Datum uitspraak: 13 juni 2012
AFDELING
BESTUURSRECHTSPRAAK
Uitspraak op het hoger beroep van:
[appellant], wonend te [woonplaats],
tegen de uitspraak van de rechtbank 's-Gravenhage van 13 juli 2011 in zaak nr. 11/2616 in het geding tussen:
[appellant]
en
de minister (lees: staatssecretaris) van Veiligheid en Justitie.
1. Procesverloop
Bij besluit van 26 oktober 2010 heeft de staatssecretaris een verzoek van [appellant] om afgifte van een verklaring omtrent het gedrag (hierna: VOG) ten behoeve van een chauffeurspas afgewezen.
Bij besluit van 4 februari 2011 heeft de staatssecretaris het door [appellant] daartegen gemaakte bezwaar ongegrond verklaard.

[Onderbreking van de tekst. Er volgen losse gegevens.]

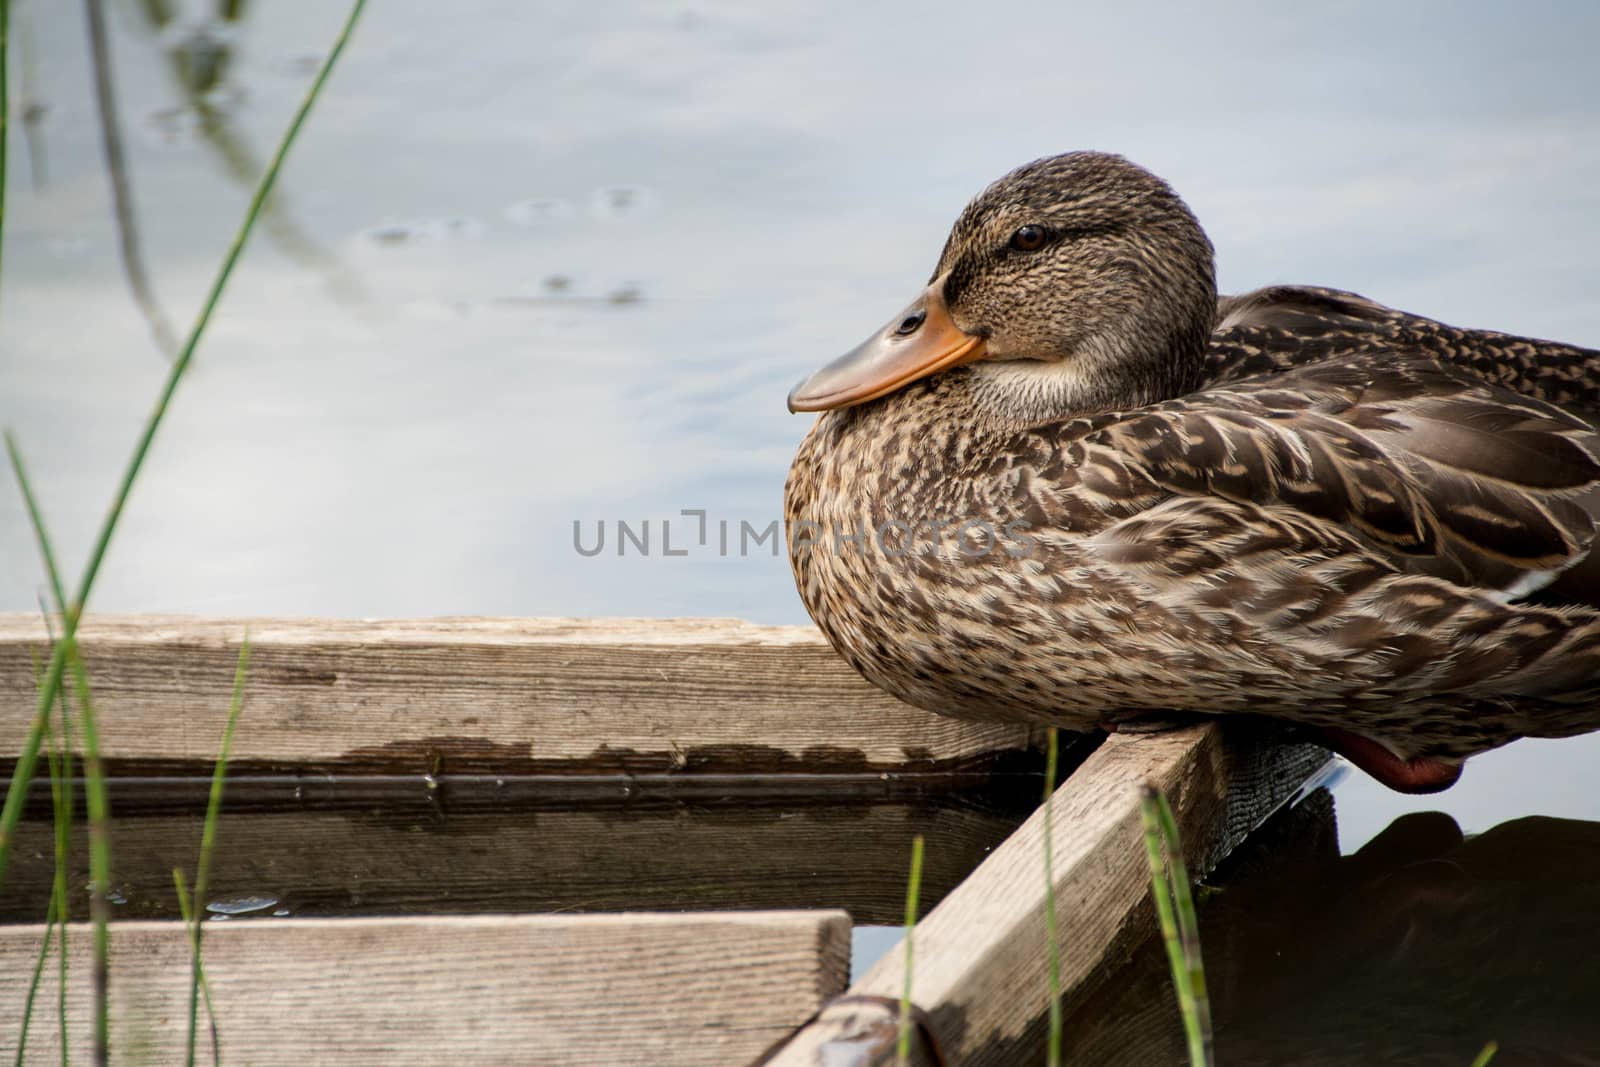 Wild duck is sitting on a wooden platform on the river
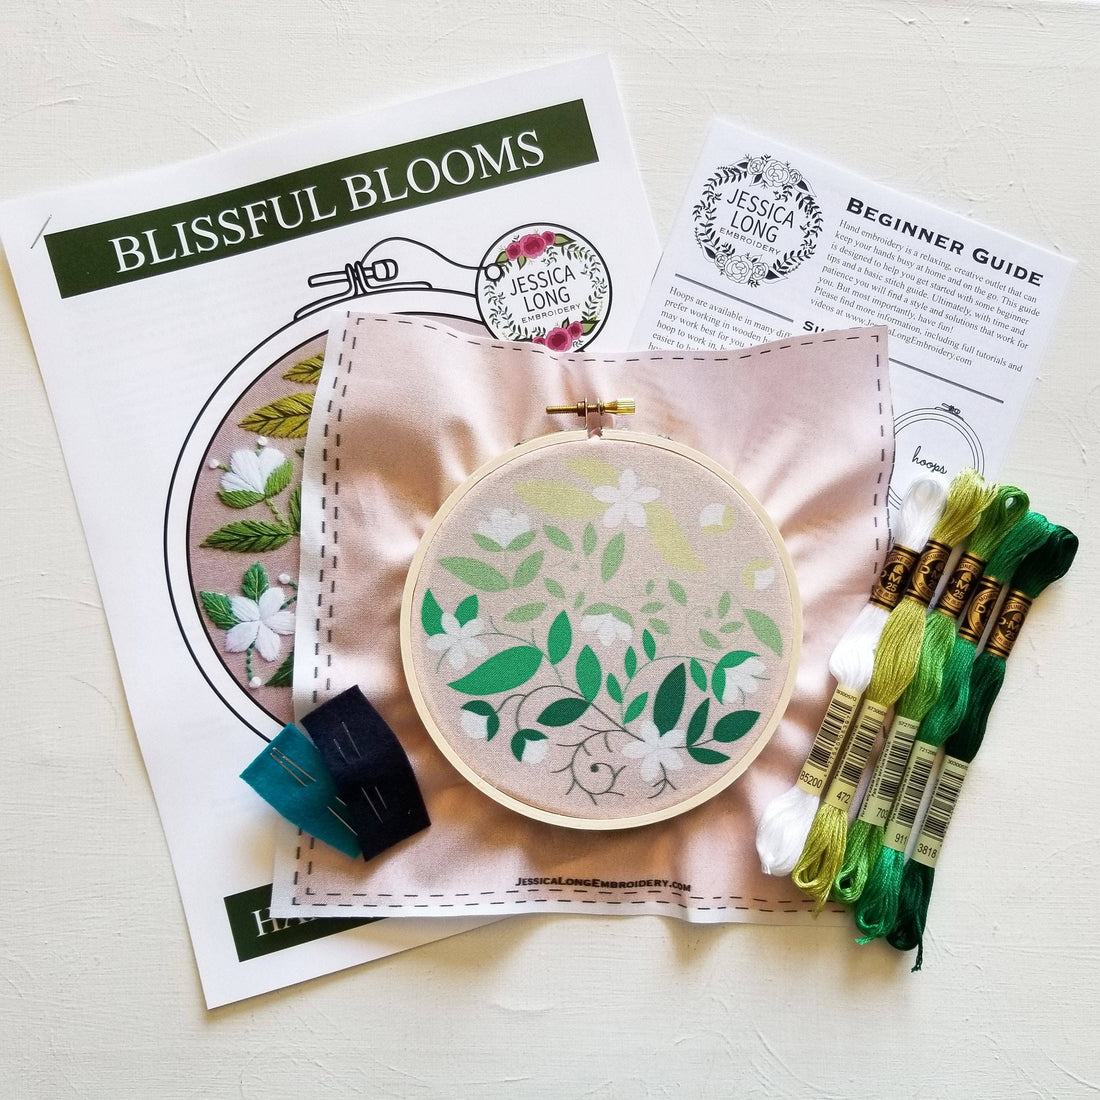 Blissful BloomsEmbroidery Kit - Jessica Long Embroidery

Bij uitspraak van 13 juli 2011, verzonden op dezelfde datum, heeft de rechtbank het door [appellant] daartegen ingestelde beroep ongegrond verklaard. Deze uitspraak is aangehecht.
Tegen deze uitspraak heeft [appellant] bij brief, bij de Raad van State ingekomen op 24 augustus 2011, hoger beroep ingesteld. De gronden van het hoger beroep zijn aangevuld bij brief van 22 september 2011.
De staatssecretaris heeft een verweerschrift ingediend.
De zaak is door een meervoudige kamer van de Afdeling verwezen naar een enkelvoudige.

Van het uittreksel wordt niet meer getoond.